Below is a link to the cards I created, including the Python version. Enjoy! And check back later, as I I plan to update the task cards in the coming months with a couple more activities.

bit.ly/physcomptaskcards 







Tuesday, March 21, 2017

Culture, Relationships & Innovation-- Reflecting on CUE17

Culture, relationships and innovation were three of the prevailing themes at this year's CUE conference, and the ones that resonated most with me during my time in Palm Springs.

From design thinking to personalized learning, digital storytelling to STEM, UDL to the arts, the common thread running through most presentations this year was that relationships and culture are the backbone of innovation in our educational systems. 

I think Thomas Murray wrapped it up best in his session on the last day of CUE-- "Innovation cannot happen in a toxic culture."

Toxicity is non-issue at CUE events, and as such, the innovation & ideas seem to endlessly flow over the course of our 4 days at CUE National. Surrounding myself with positive, passionate, like-minded people always seems to unleash my creativity.

On a similar note, Taylor Mali compared CUE National to the Blind Melon music video, "No Rain"-- "When I'm with teachers, I feel like I've found my community of bee people."

People and relationships are indeed my favorite experience at a CUE conference-- being around my bee people or, (as Jon Corippo likes to call us) my fellow lone nuts, had me re-energized and inspired by week's end. Whether it was participating in the inaugural TOSA Playground, or the impromptu Raspberry Jam that my #Picademy friends and I were able to arrange on the fly, being with my tribe always reminds me why I do what I do.

So how, then, does that all translate back to my school sites and district? 

For me, I think that's where empathy comes in. Both Jo Boaler and George Couros centered their keynotes around innovation via empathy. As a Teacher on Special Assignment (or ToSA), developing relationships with the teachers I support is key, and being able to empathize is a major part of the work that I do for, and alongside, my teachers.

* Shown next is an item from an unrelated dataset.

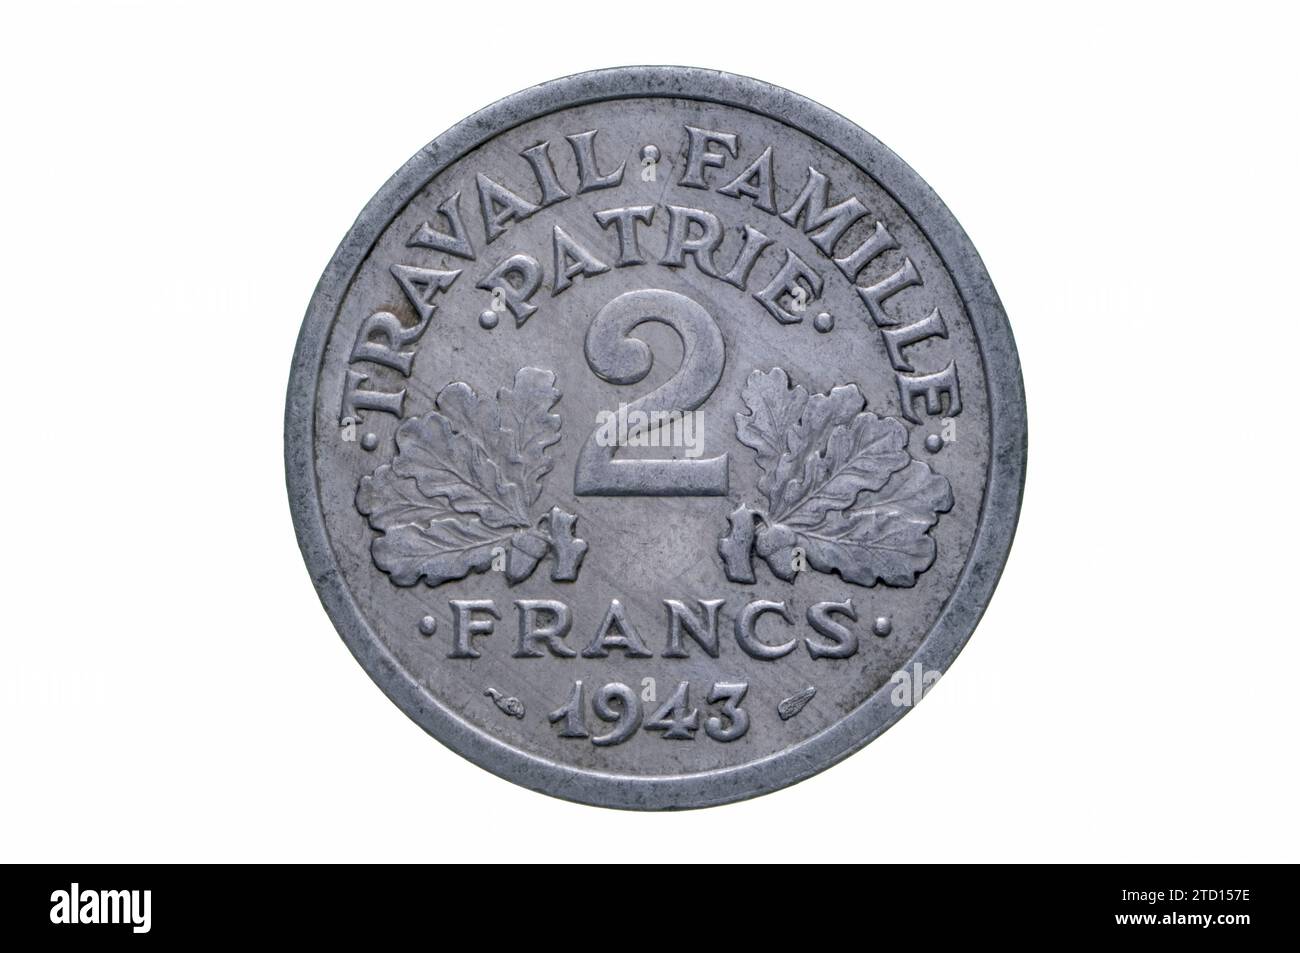 Vichy French State 2 Franc Coin Stock Photo

This, however, is not the same as succumbing to the naysaying and negativity that can sometimes run rampant in staff rooms. On the contrary, this means empathizing with how others might be feeling and using that information to shift the conversations and emotions in the room. As we talk about innovating education, we have to think first about the culture at our sites and in our district. Thomas Murray reminded us that it's everyone's responsibility to set the culture of a classroom, site and school district. It is a culture of creativity, problem-solving, and support that will breed innovation.